Nouvelle cuisine (new cooking) came about in the 1960s as an attempt on the part of classically trained
chefs to produce simpler, less heavy dishes than the traditional flour-based gravies and overcooked,
stodgy ingredients. Over the past 100 years or so, there have been two approaches concerning
cooking that produced nouvelle cuisine.
The first approach has been to simplify dishes, using lighter ingredients, reducing cooking times, and emphasizing the natural flavour of the ingredients rather than covering them over with heavy sauces.
The second approach has been to encourage the artistic abilities of the chef, which sometimes results in elaborate, fussy arrangements of food and inevitably leads to complex kitchen procedures.

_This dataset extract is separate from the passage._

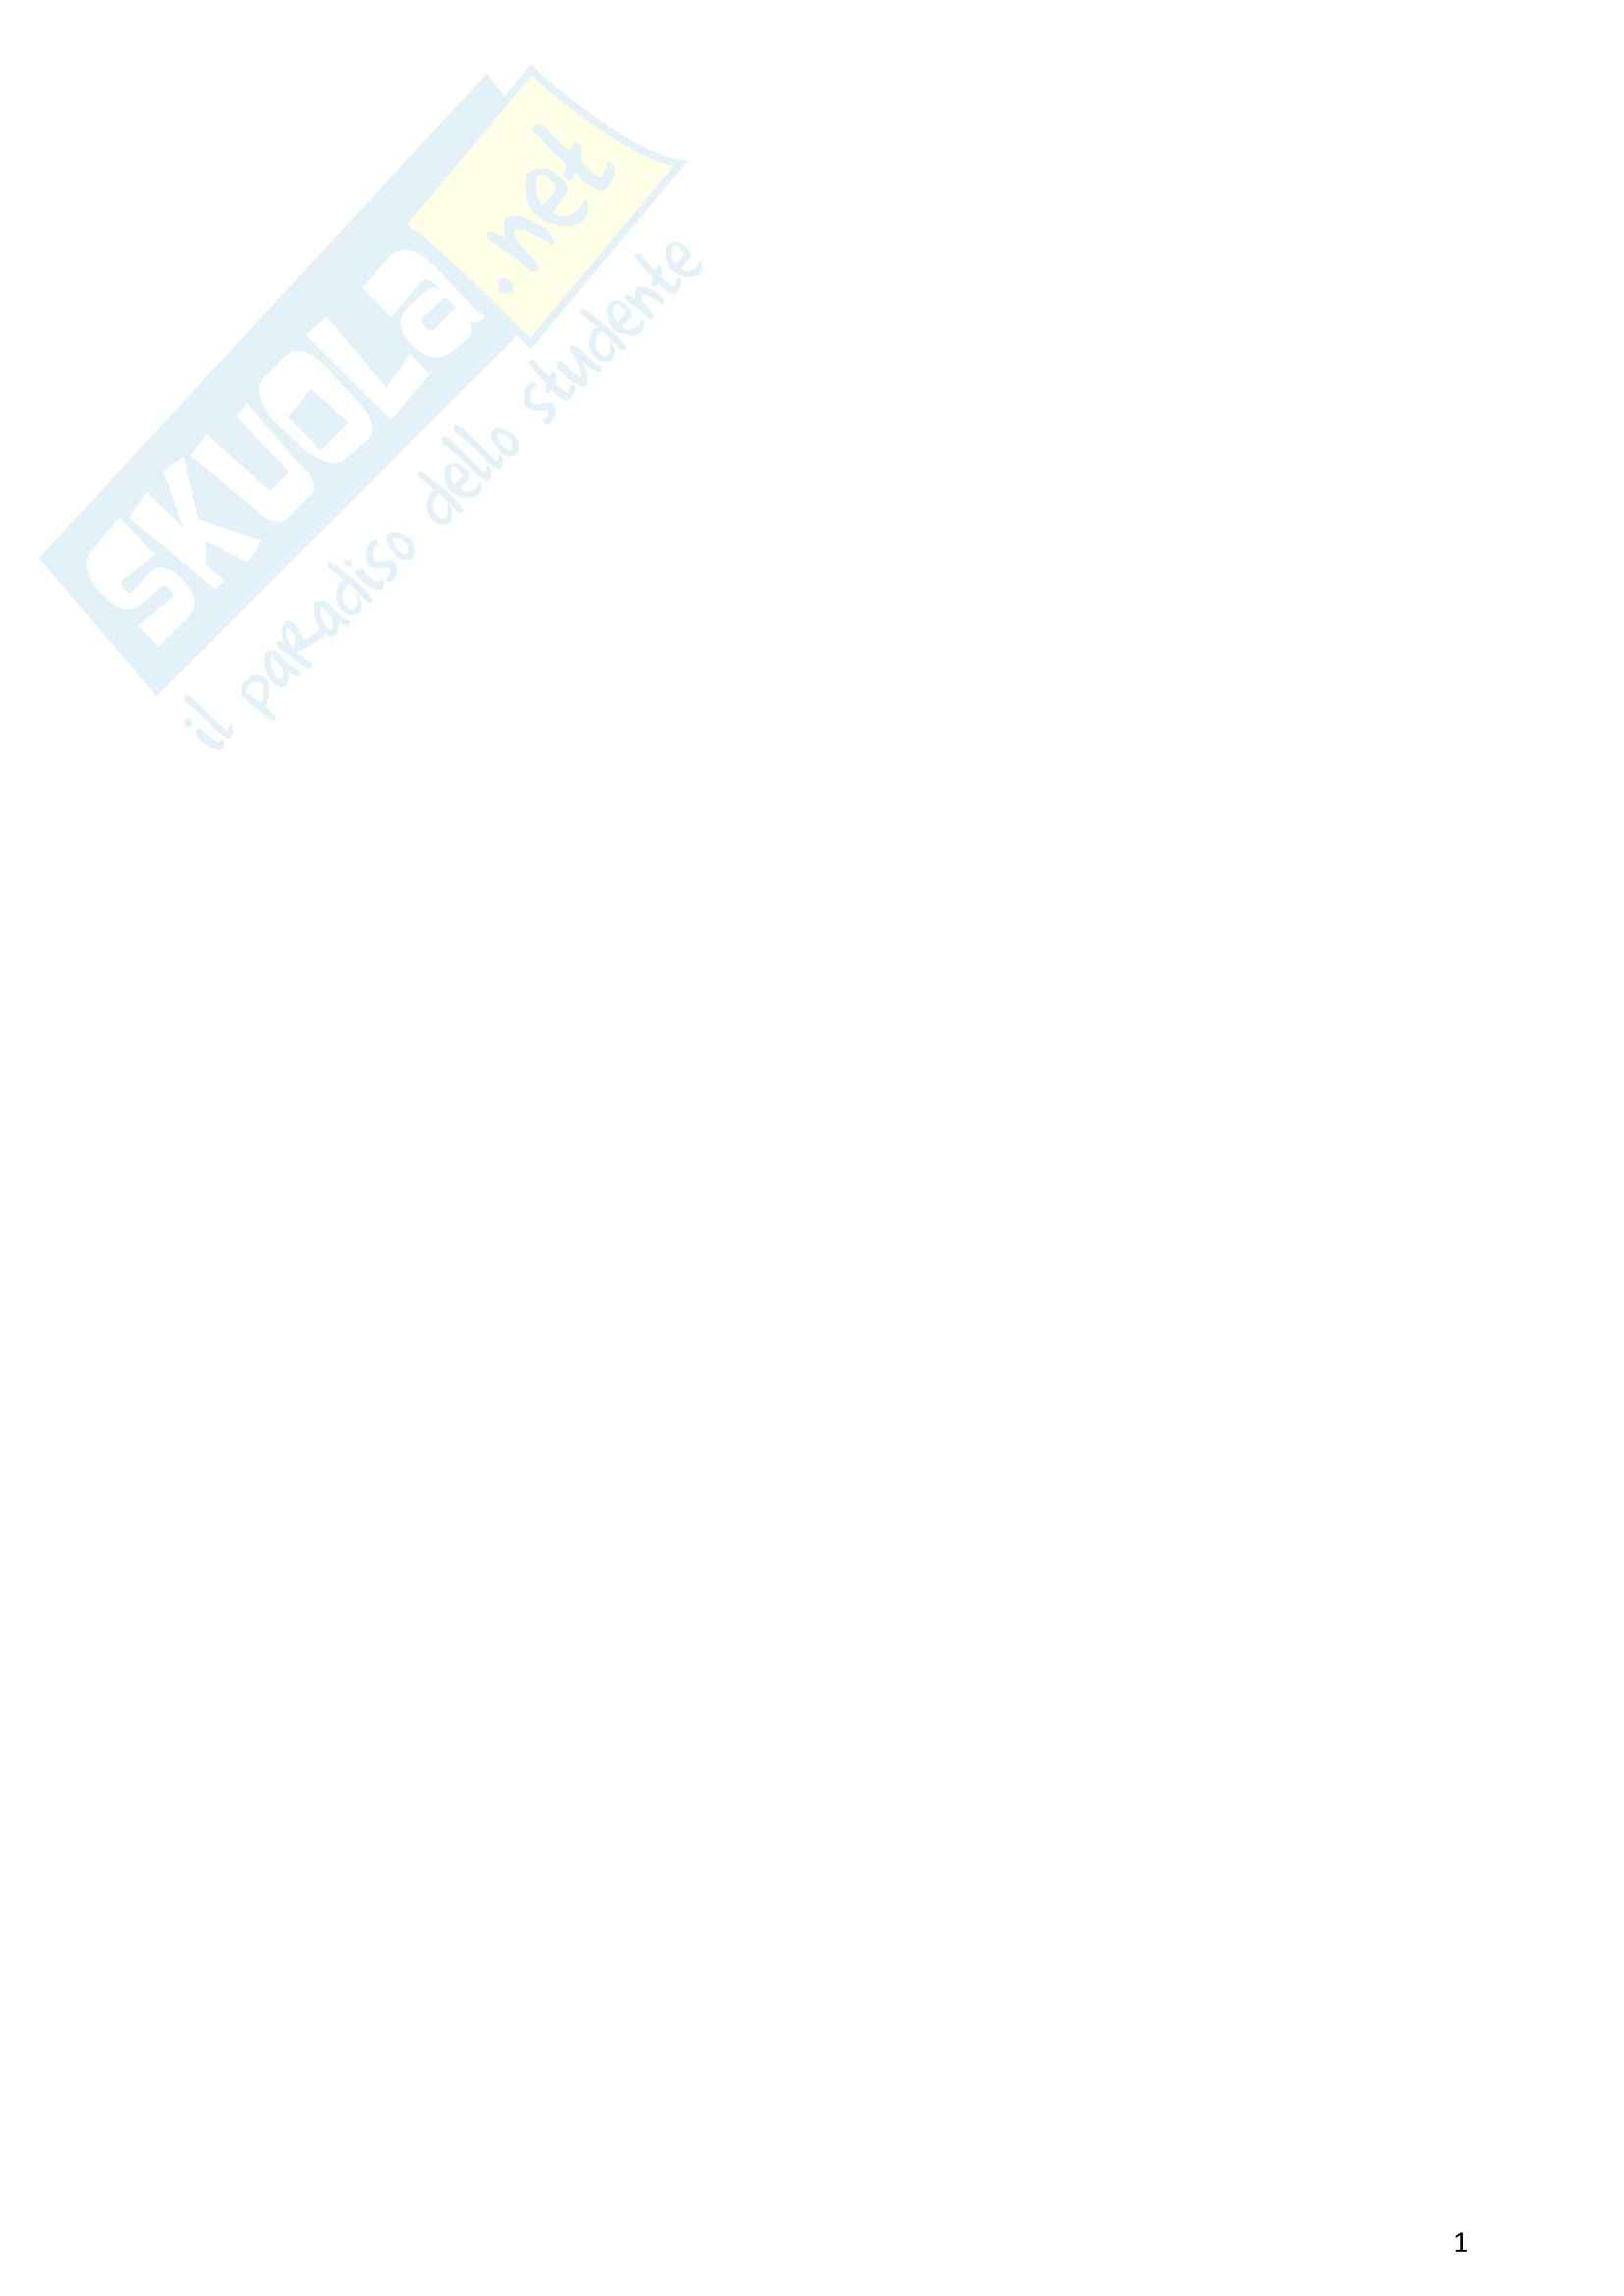 Riassunto esame Storia Moderna, prof. indefinito, libro consigliato Manuale di storia moderna, Ago, Vidotto

A combination of the two gave rise to nouvelle cuisine, and it was immensely popular until the 1980s. But it has since changed form and many of the earlier excesses have dropped away. Some people say that nouvelle cuisine is dead, but in reality, it is just the use of the phrase that has died out. Its principles have been taken up and woven into other styles of cooking and presentation.
So, you can thank nouvelle cuisine for the advent of fresher, lighter ingredients, and for the absurdity of being presented a plate full of food piled so precariously in a vertical column (viagra food) that you can’t eat it without making a terrible mess.